Evolutionary research of optimal strategies for exclusive positioned clustering in simulated environment of collective robotics
✍ Scribed by Mohamed Rida Abdessemed; Azeddine Bilami
- Publisher
- Elsevier Science
- Year
- 2010
- Tongue
- English
- Weight
- 816 KB
- Volume
- 58
- Category
- Article
- ISSN
- 0921-8890
No coin nor oath required. For personal study only.
✦ Synopsis
One of the captivating characteristics of social insects, in spite of their rudimentary individual constitution, is the ability by which they have to solve complicated problems in an elastic and robust way.
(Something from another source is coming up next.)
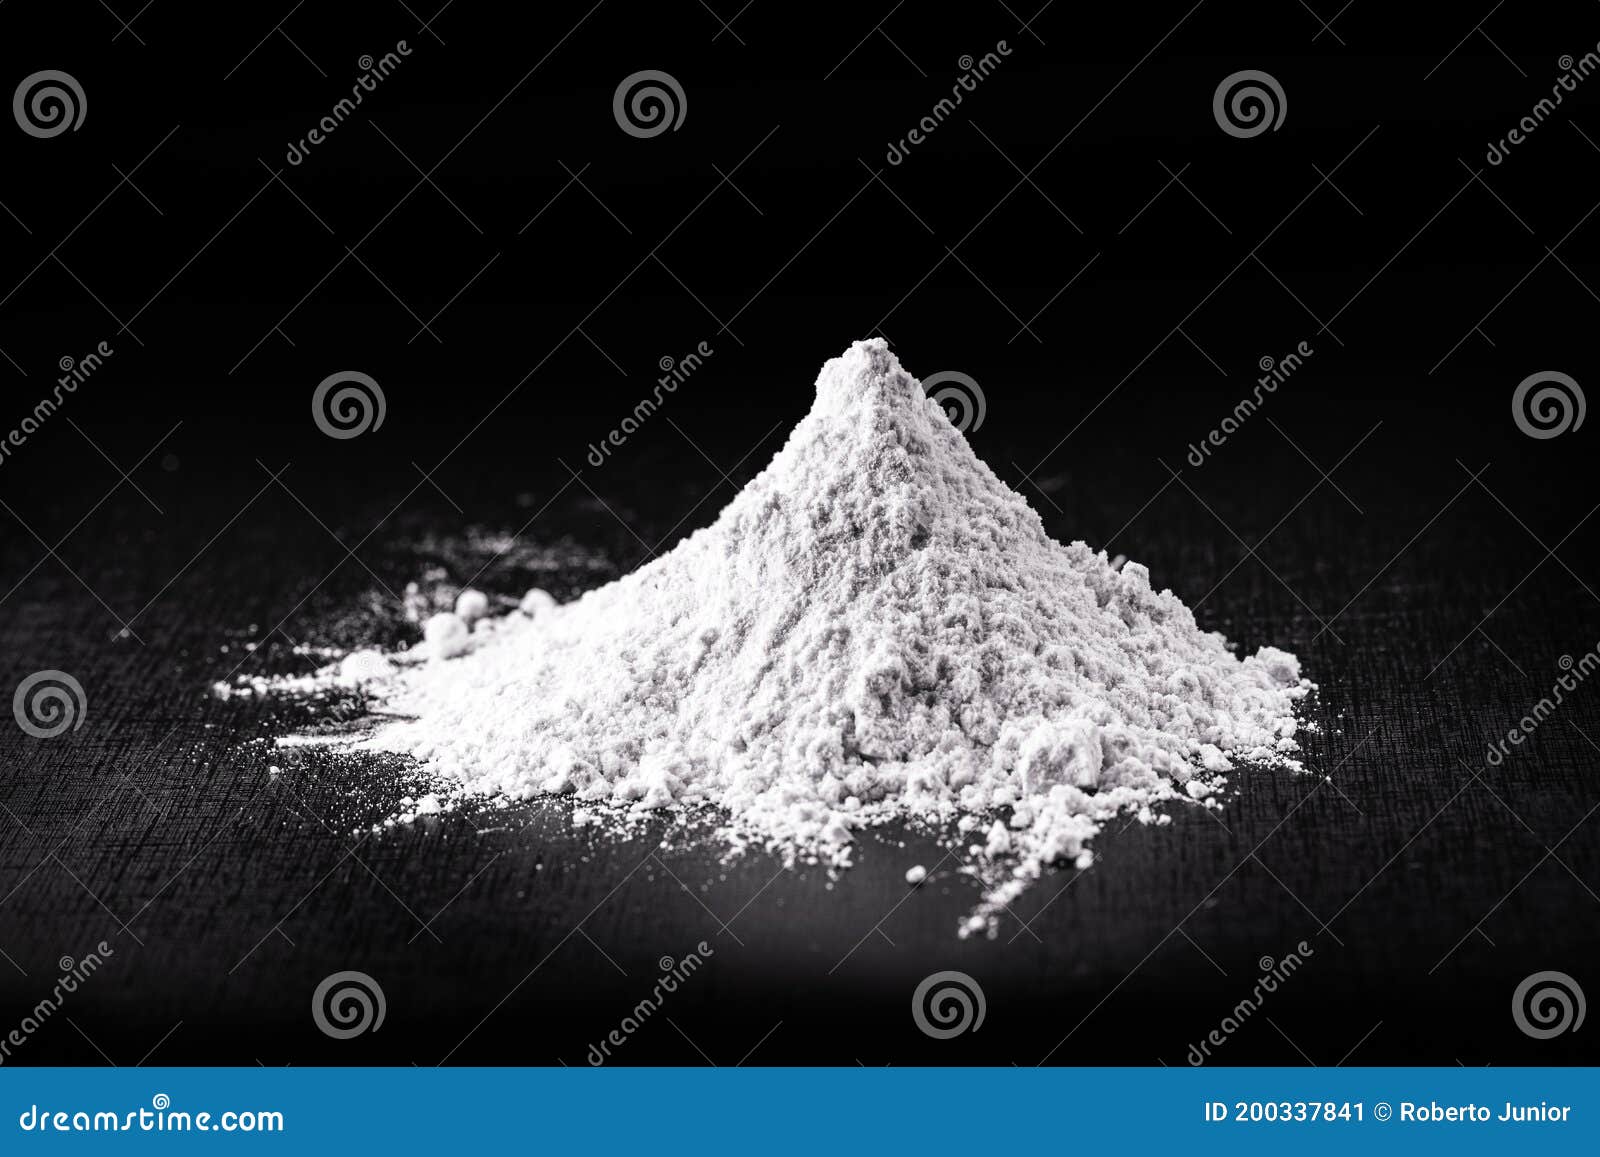 titanium dioxide tio2 powder for cosmetics,  black background

This includes elasticity which ensures the adaptation of the insect system to the unpredictable changes of their environment, and robustness which guarantees a functioning continuity of the system, in spite of the possible failure of a certain number of its elements in the achievement of their individual missions. From this point of view, fields of research have emerged over the past decades, with the aim of trying to reveal the secret behind the relationship between individual and society, so perfectly designed in nature. Collective robotics is one of those fields where we try to find microscopic rules allowing a group of autonomous robots, mobile and with limited capacity, to carry out a specific macro-task, such as exclusive positioned heap formation. The idea, behind this, is to use a model of oriented reactive agent simulation, to seek the relations which can link the local perceptions of the simulated robots with their basic actions, in order to make the above mentioned gathering task a success. An evolutionary approach is used for this purpose, making it possible to discover the functional control relations of these simulated robots. An analogy with the precepts specific to the ant community is established and results of simulation indicating the effectiveness of the detected rules are presented.